Poop has a lot to tell us about the mating game—and this zoo scientist is getting the scoop on how to save endangered species in the wild.
There’s a Dr. Poop at work in Chicago’s Lincoln Park Zoo. Her real name is Rachel Santymire, and she’s the director of the Davee Center for Epidemiology and Endocrinology. She and her staff test stool and pull hair, all in the name of animal health and conservation.
Santymire is not only the zoo’s poop expert but also the resident matchmaker. (Turns out collecting excrement and sparking love connections go hand-in-hand.) Hormones in feces and fur can tell us if an animal’s stressed or ready to mate. From the samples, Santymire’s lab can see if an animal has high levels of the stress hormone cortisol (maybe due to a new exhibit mate or nearby construction noise or too many punk-nose kids tapping on the glass). And when she sees that the sex hormones estrogen and progesterone or testosterone are high, she lets the zookeepers know to turn up the Barry White, so to speak. By learning these chemical signposts for romance, Santymire is helping give endangered species populations, like rhinos and black-footed ferrets, a boost in both captivity and in the wild.
Santymire’s self-described “poop hoarding” began about a decade ago and has since expanded to fill 10 freezers’ worth. Feces just provide so much great intel, she says. “It’s a unique point in time that you can’t go back to, so I tend to just buy more freezers. That’s been my strategy.”
After a zookeeper shovels the poop into a Ziplock bag, Santymire freezes it, and then someone from the zoo’s epidemiology and endocrinology department takes it to the lab.
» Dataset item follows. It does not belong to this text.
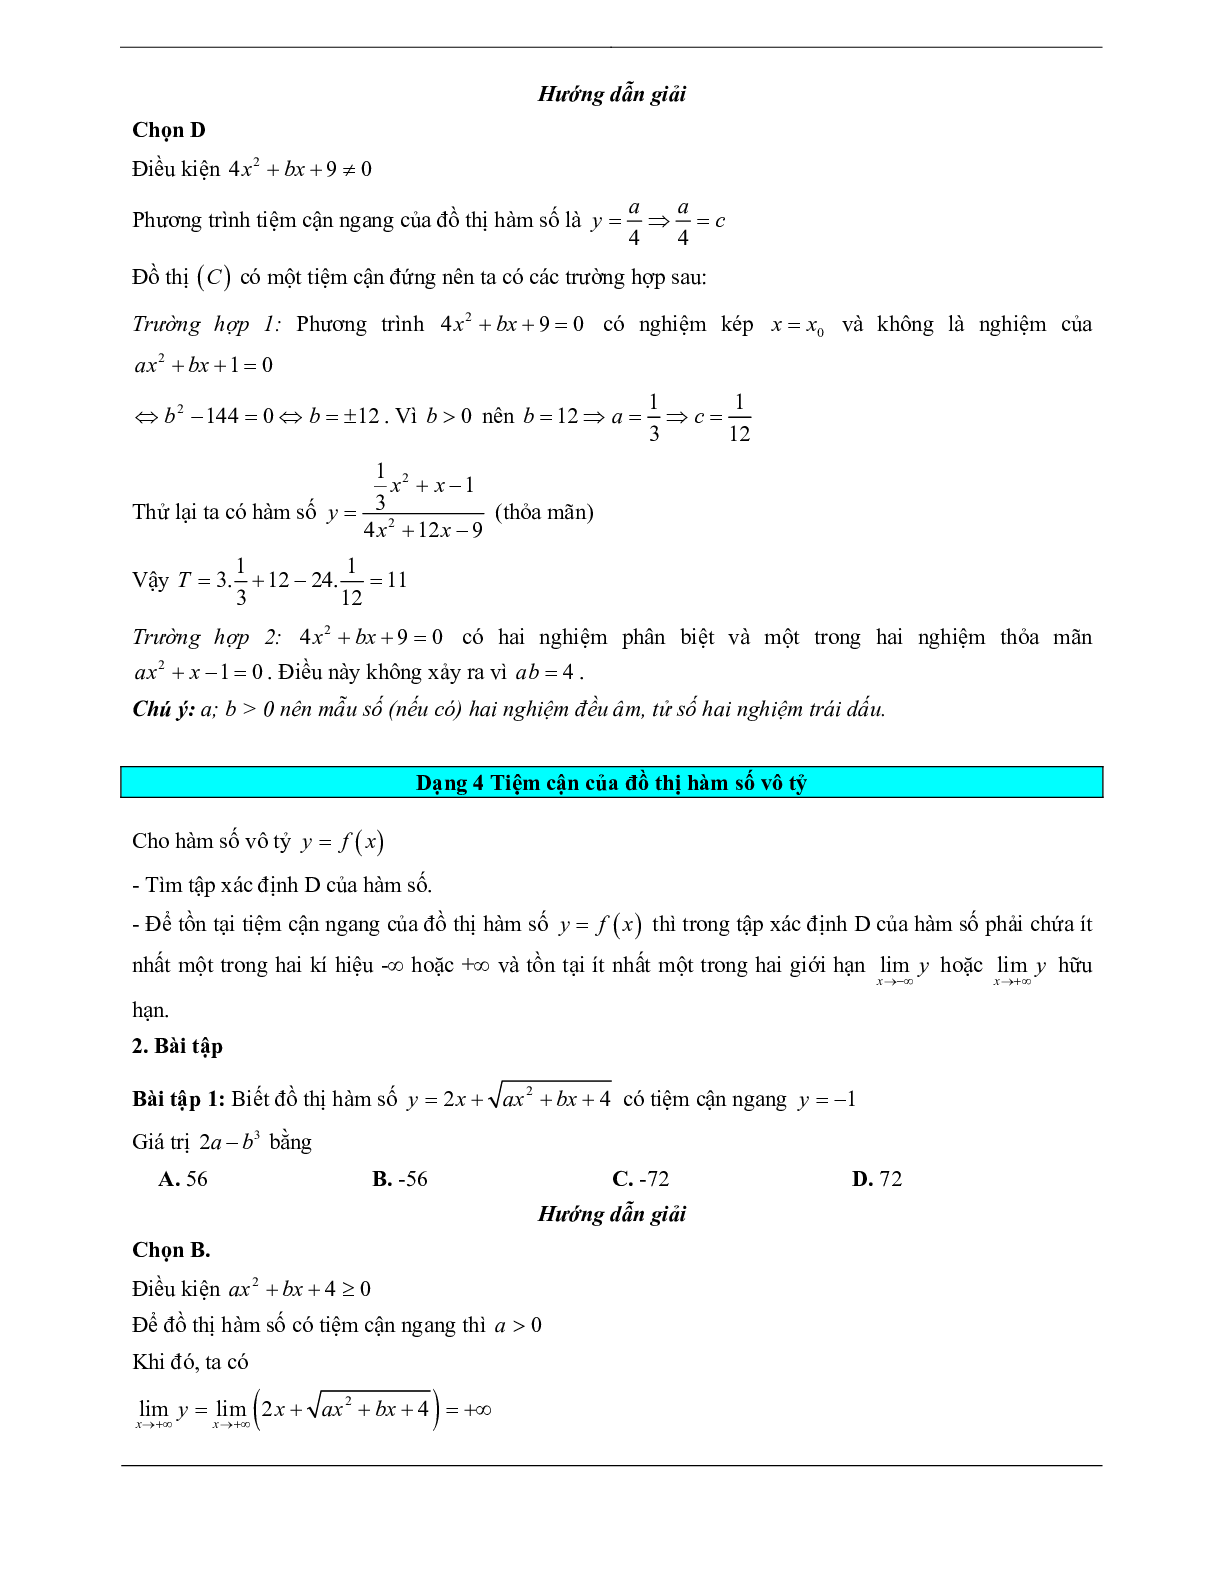 Các dạng bài tập trắc nghiệm về VDC đường tiệm cận của đồ thị hàm số (trang 7)

There, technicians scoop it out, weigh it, add ethanol, and then shake. The alcohol draws out the hormones, and the techs then run the liquid through an assay, a test to determine their concentrations. (They use the same process, sans the freezer, for pulverized hair.)
With enough data, eventually a baseline for the species emerges—a rare thing since we just don’t know that much about different species’ chemical journeys. Now Santymire can get snapshots of the animals’ hormonal cycles and what might trigger them over time.
Poop at the zoo, however, poses challenges, especially when all the animals relieve themselves in the same enclosure. That’s why Santymire and her team put food coloring, nontoxic glitter, or birdseed in individual treats. For instance, a wild dog may get a sparkly meatball, so when the keepers see a glinting pile, they’ll know who it came from.
Wild settings bring even more obstacles because it’s hard to know when and where an animal is going to let loose. When Santymire and a team went to Tanzania’s Gombe Stream National Park to study black rhinos, they put digital cameras in dung piles to take a date-stamped action shot of each pie maker.
For furrier subjects, the process can be less smelly. Stealing the idea from forensic science, Santymire tests hair for hormones. In the case of black-footed ferrets, biologists have been trapping the furballs and then pulling out a plug or two. Santymire is currently comparing hair from wild black-footed ferrets to those in captivity in order to document any difference in stress levels between the populations.
Her next quarry will be the steamy droppings of the endangered snow leopard. As few as 7,000 of these big cats are left in the mountains of Central Asia, but the 150 in U.S. zoos could help boost their wild cousins’ numbers. In an effort to get more captive leopards pregnant, the Association of Zoos and Aquariums just gave a grant to Dr. Poop to transform into Dr. Ruth.